*** Available data ***

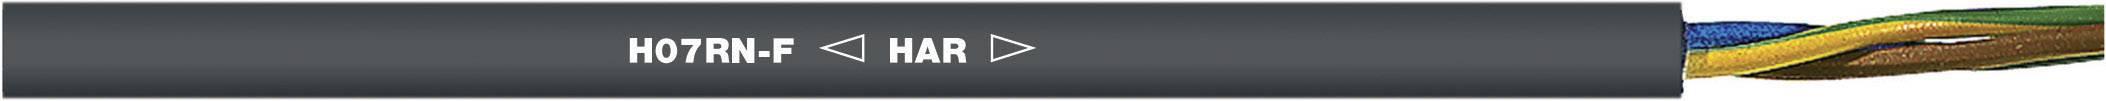 Gumový kabel LappKabel H07RN-F, 4x6 mm², černá
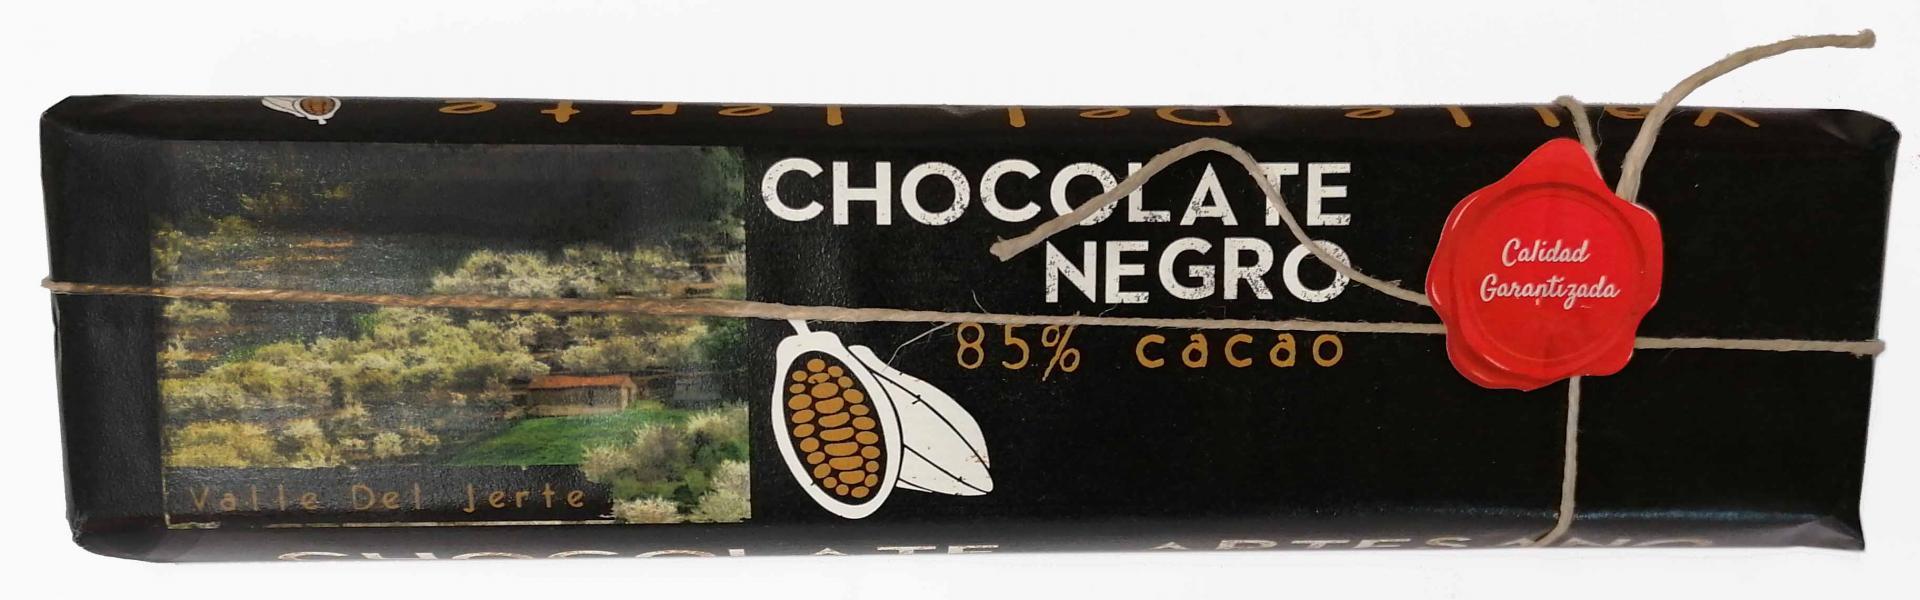 Chocolate negro artesano 85% cacao Valle del Jerte
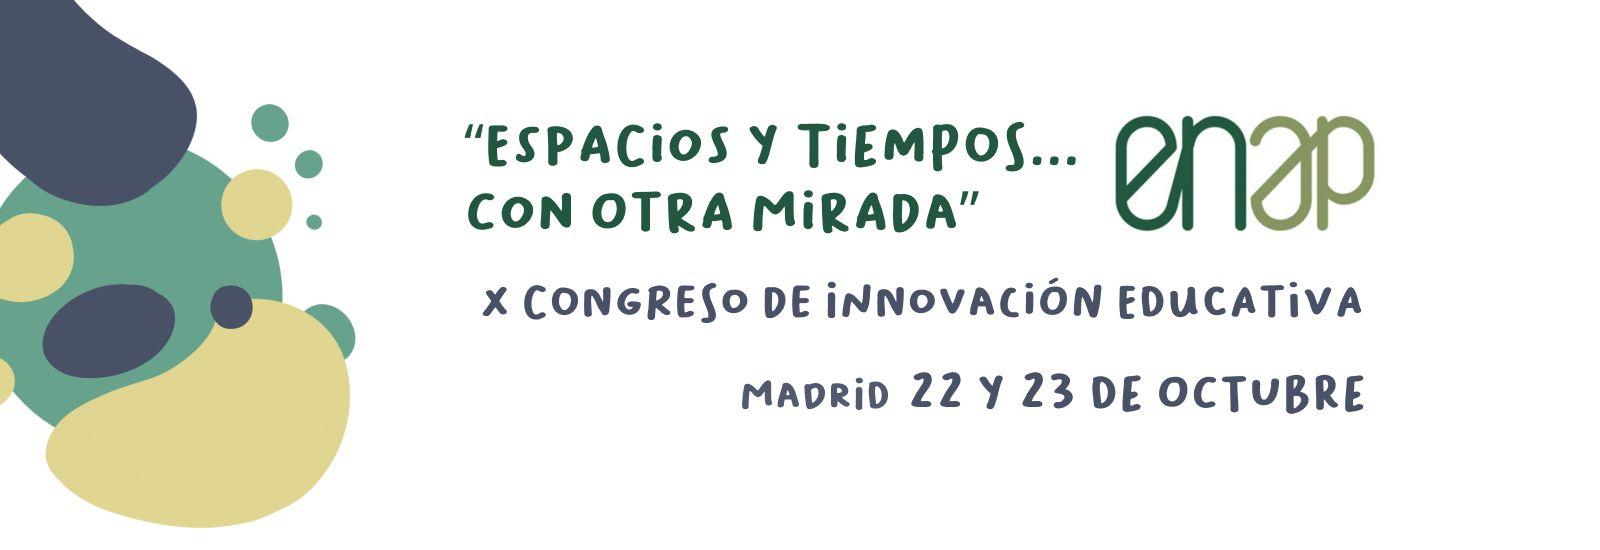 """Bajo el lema """"Espacios y tiempos…con otra mirada"""" se celebra el X Congreso de Innovación Educativa"""

*** End of Available data ***

Assigned task: What is needed is an exact copy of all the data, with no images in it.

Result below:
 Gumový kabel LappKabel H07RN-F, 4x6 mm², černá
 Chocolate negro artesano 85% cacao Valle del Jerte
 """Bajo el lema """"Espacios y tiempos…con otra mirada"""" se celebra el X Congreso de Innovación Educativa"""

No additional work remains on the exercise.